The lack of proper treatment for serious infectious diseases due to the emergence of multidrug resistance reinforces the need for the discovery of novel antibiotics. This is particularly true for tuberculosis (TB) for which 3.7% of new cases and 20% of previously treated cases are estimated to be caused by multi-drug resistant strains. In addition, in the case of TB, which claimed 1.5 million lives in 2014, the treatment of the least complicated, drug sensitive cases is lengthy and disagreeable. Therefore, new drugs with novel targets are urgently needed to control resistant Mycobacterium tuberculosis strains. In this manuscript we report the characterization of the thiopeptide Micrococcin P1 as an anti-tubercular agent. Our biochemical experiments show that this antibiotic inhibits the elongation step of protein synthesis in mycobacteria. We have further identified micrococcin resistant mutations in the ribosomal protein L11 (RplK); the mutations were located in the proline loop at the N-terminus. Reintroduction of the mutations into a clean genetic background, confirmed that they conferred resistance, while introduction of the wild type RplK allele into resistant strains re-established sensitivity. We also identified a mutation in the 23S rRNA gene. These data, in good agreement with previous structural studies suggest that also in M. tuberculosis Micrococcin P1 functions by binding to the cleft between the 23S rRNA and the L11 protein loop, thus interfering with the binding of elongation factors Tu and G (EF-Tu and EF-G) and inhibiting protein translocation.

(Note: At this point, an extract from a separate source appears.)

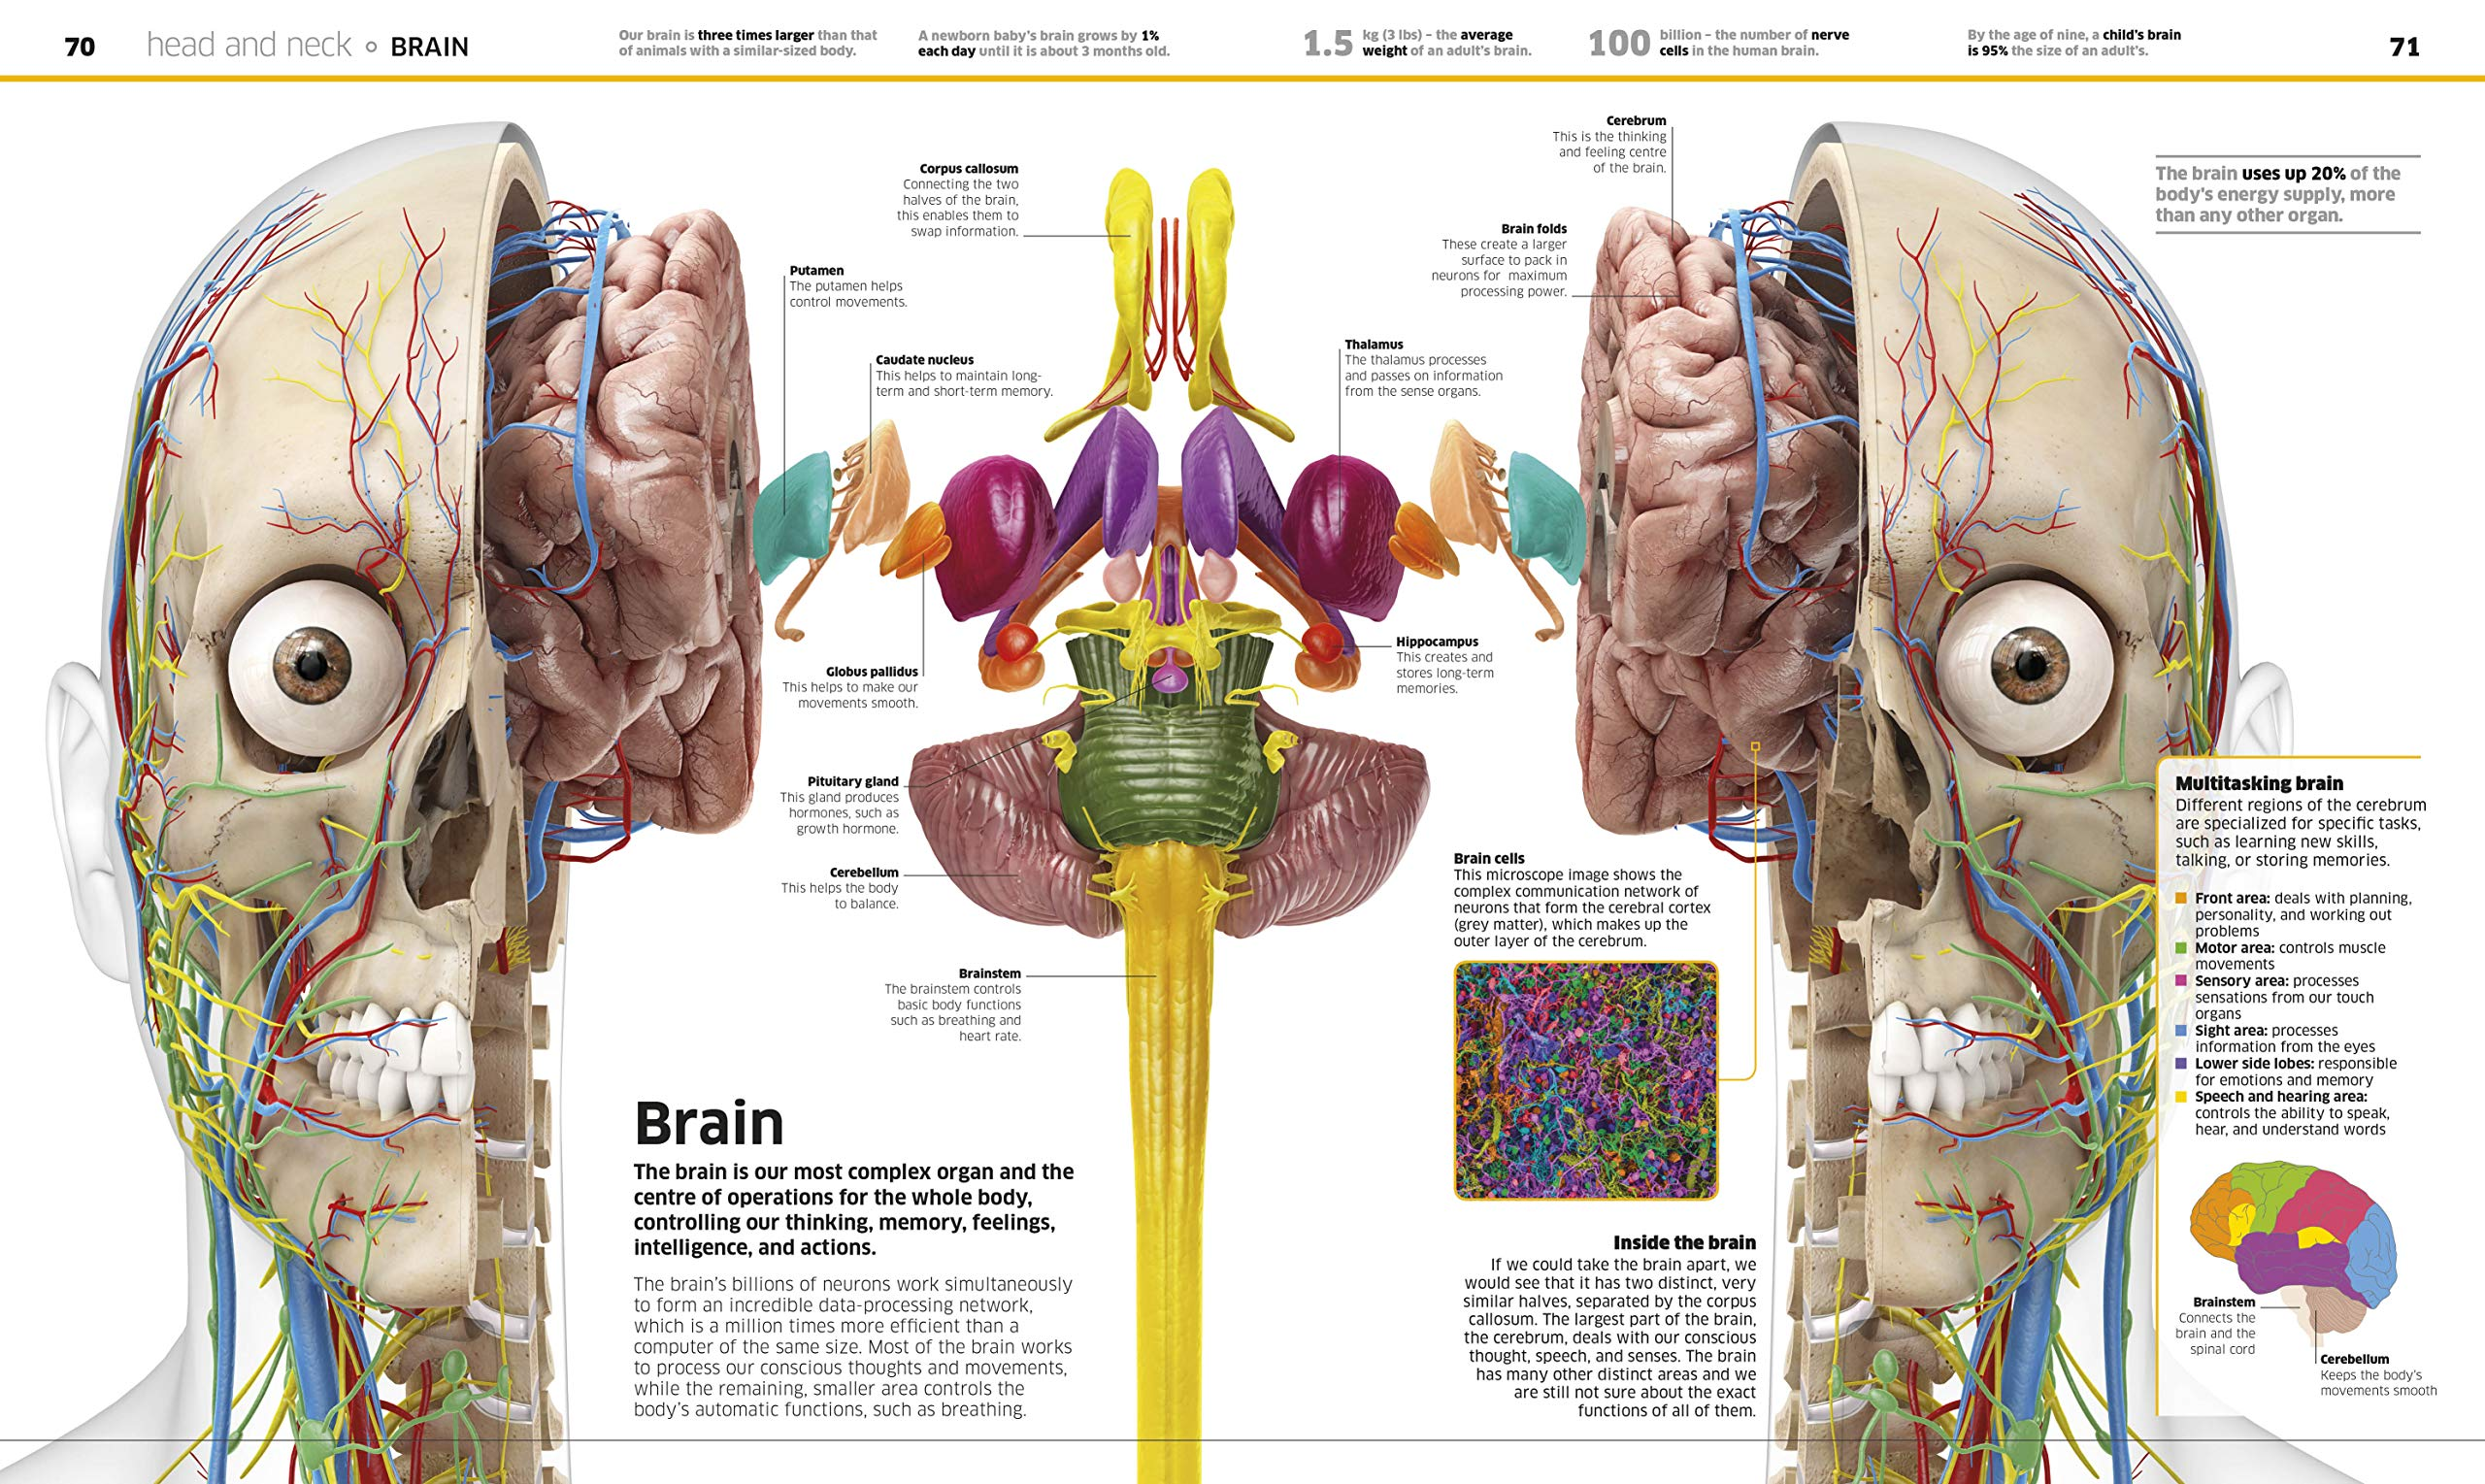 Knowledge Encyclopedia Human Body!: Amazon.es: Vv.Aa., Vv.Aa.: Libros en idiomas extranjeros

Total synthesis of Micrococcin P1 and thiocillin I enabled by Mo(vi) catalyst
Chem Sci 2018 Dec 3;10(7):1971-1975.PMID:30881626DOI:10.1039/c8sc04885a.
Thiopeptides are a class of potent antibiotics with promising therapeutic potential. We developed a novel Mo(vi)-oxide/picolinic acid catalyst for the cyclodehydration of cysteine peptides to form thiazoline heterocycles. With this powerful tool in hand, we completed the total syntheses of two representative thiopeptide antibiotics: Micrococcin P1 and thiocillin I. These two concise syntheses (15 steps, longest linear sequence) feature a C-H activation strategy to install the trisubstituted pyridine core and thiazole groups. The synthetic material displays promising antimicrobial properties measured against a series of Gram-positive bacteria.